But the explosive growth in malpractice insurance premiums seems to have slowed
to a halt recently. Total malpractice premiums paid increased by 56 percent in
1985, by 26 percent in 1986, by 15 percent in 1987, and then actually fell by
2.5 percent in 1988.
Those who are now contemplating the mess that is California auto insurance
in the aftermath of Proposition 103, like Insurance Commissioner Roxani Gillespie
and the state Legislature, can learn from how California led the way in bringing
malpractice insurance rates to heel.
When the problem of medical malpractice insurance exploded in the mid-1970s,
the California Legislature could have pretended to solve the problem in the style
of Proposition 103 by passing a law to cut all malpractice insurance rates by
20 percent, with an additional 20 percent cut for "good doctors."
Instead, the Legislature tried to do something constructive. It set a national
precedent by passing the Medical Injury Compensation Reform Act of 1975, which
attempted to alter the system that was leading to a crisis in malpractice insurance.

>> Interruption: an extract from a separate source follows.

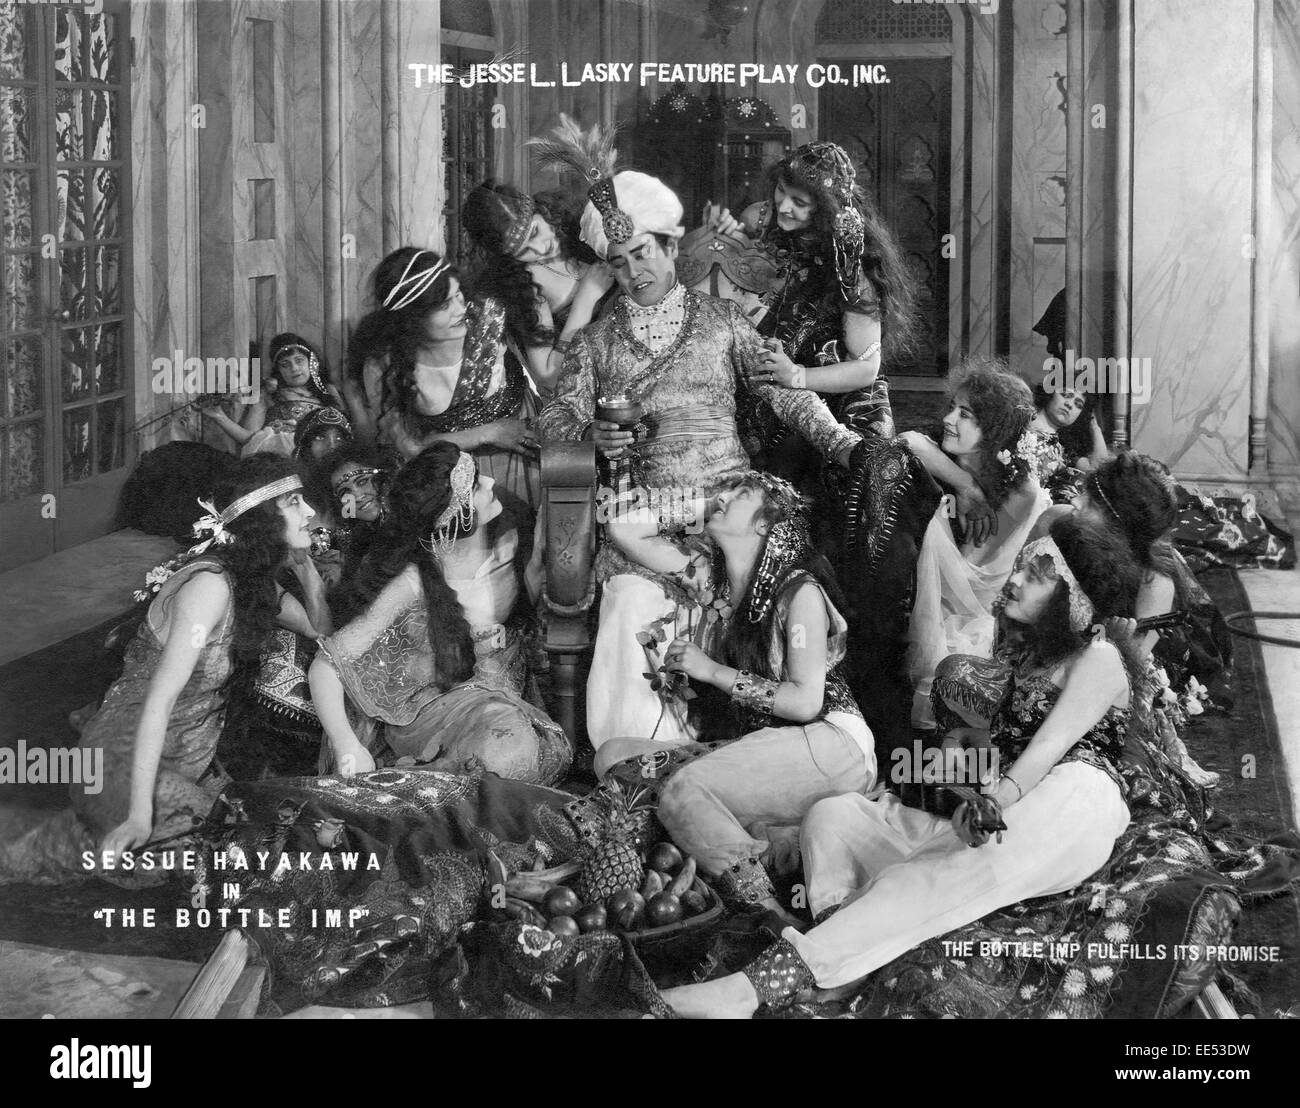 Sessue Hayakawa, surrounded by Group of Beautiful Women, on-set of the Silent Film, 'The Bottle Imp', 1917 Stock Photo

MICRA, as it is commonly known, had four main provisions. Lawyer contingency
fees were limited, providing less financial incentive for lawyers to push for
the highest possible award. Damages in the nebulous category of "pain and
suffering" were limited to $250,000. Malpractice awards could be made gradually,
over time, rather than in a single lump sum. Finally, the amount of other settlements
an injured person had received -- like workers' compensation -- was entered into
the decision of setting the malpractice award.
Those who have been following the Proposition 103 tangle can guess what happened
next: The bill was challenged in court and never had a chance to kick in. Appeals
dragged on for a decade. Meanwhile, malpractice insurance rates continued to climb.
But in 1985, MICRA was finally upheld by the California and U.S. Supreme Courts.
With its constitutionality clear, many other states began passing laws that copied
bits and pieces of California's example. This year, malpractice insurance rates
are likely to fall or hold steady in most states.
Malpractice insurance rates in California used to be among the highest in the
country. They are now near the national average, and far below rates in states
that have not adopted MICRA-style reforms. For example, a general surgeon in California
pays malpractice premiums of about $25,000 a year, compared with $59,000 in New
York, $81,000 in Michigan and over $90,000 in Florida. General surgeons also pay
malpractice premiums of more than $30,000 a year in Arizona, Colorado, Georgia,
Kentucky, Maine, Missouri, Ohio, Oregon, and Texas.
Although many observers believe that the changes in state law were the single
biggest factor in helping to tame the malpractice insurance monster, they clearly
aren't the only reason. When many commercial insurance companies fled the malpractice
market in the mid-1970s, physician-owned companies took up the slack. In California,
these companies now hold over 90 percent of the market, and they have worked to
help doctors avoid malpractice lawsuits. Also, juries seem less willing to hand
out huge awards, at least in most states.
In general, these reforms of law and attitude add up to a recognition that
insurance is not just a big pile of money waiting to be handed out. Instead, insurance
is a way of sharing risk.
In a way, an insurance company is like a big lottery: many losers, some who
break even and a few big winners. The difference is that for insurance, the biggest
"winners" are people who have had terrible catastrophes, while "losers"
are people who pay their premiums, year after year, even though nothing bad has
ever happened to them, or ever will happen to them.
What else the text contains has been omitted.